PROBLEM REQUIREMENTS:
When you reach a picture, skip it, and retype every line below exactly.

GIVEN INFORMATION: Begin

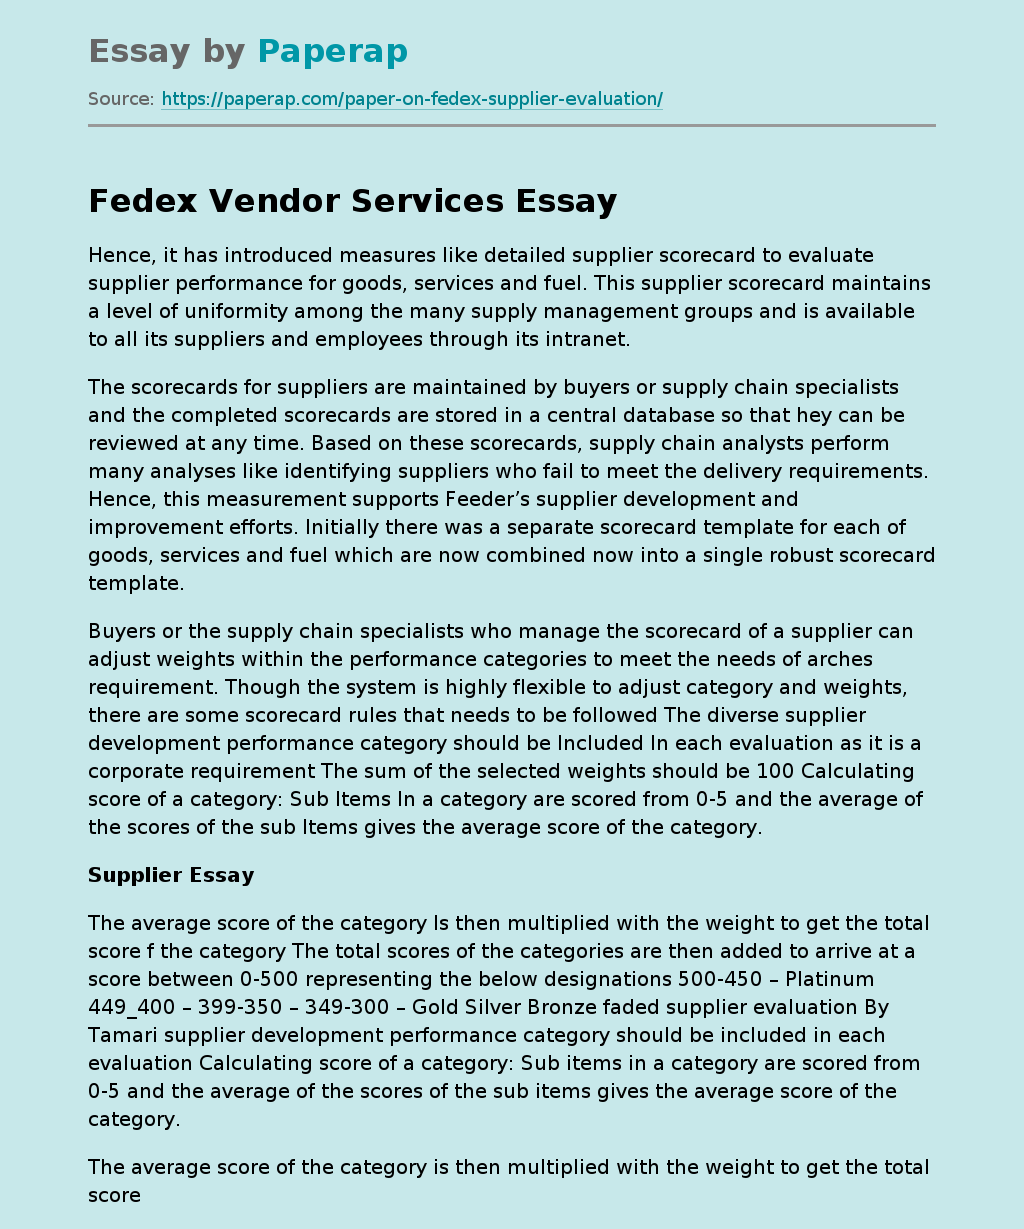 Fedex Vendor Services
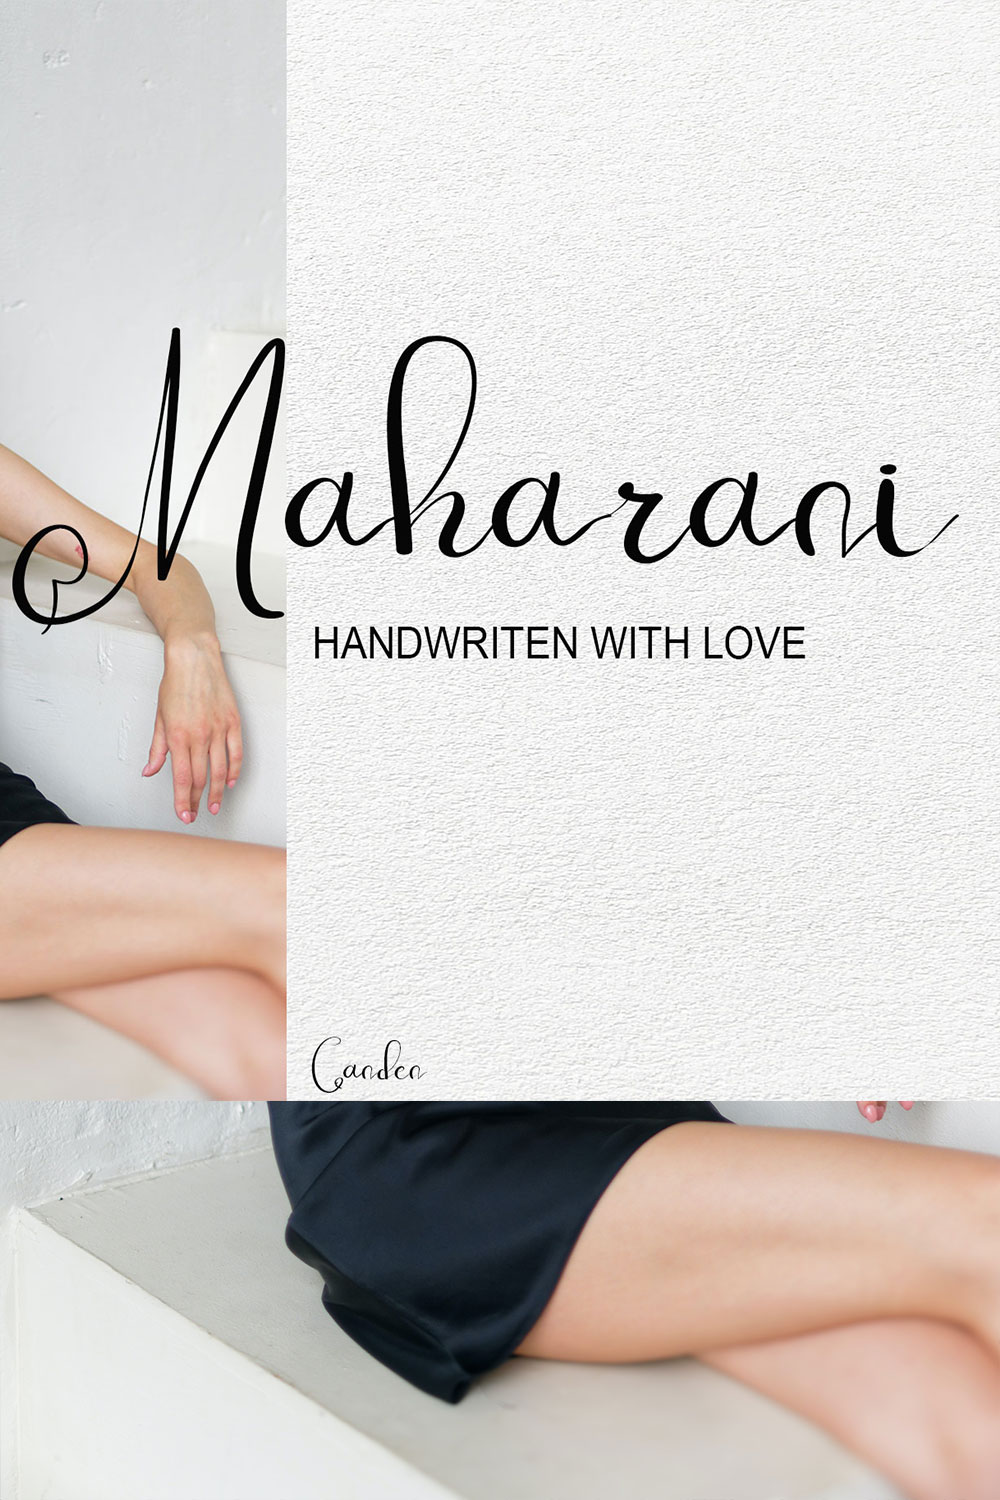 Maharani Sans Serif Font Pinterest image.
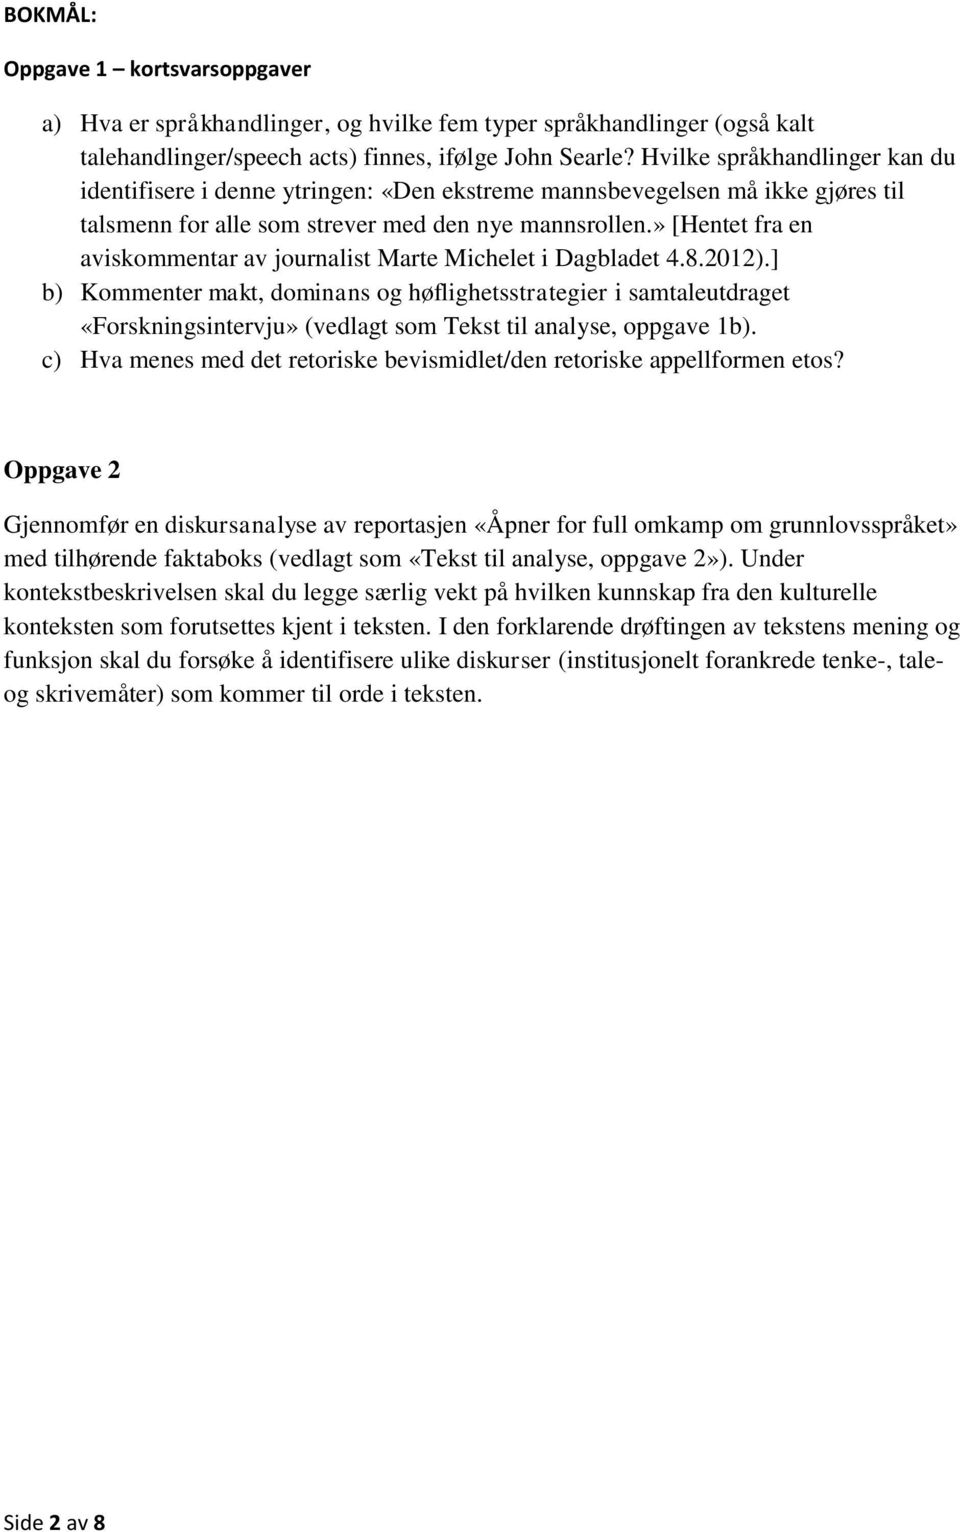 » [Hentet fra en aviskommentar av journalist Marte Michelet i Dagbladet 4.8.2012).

GIVEN INFORMATION: End

YOUR SOLUTION:
 Fedex Vendor Services
 Maharani Sans Serif Font Pinterest image.
 » [Hentet fra en aviskommentar av journalist Marte Michelet i Dagbladet 4.8.2012).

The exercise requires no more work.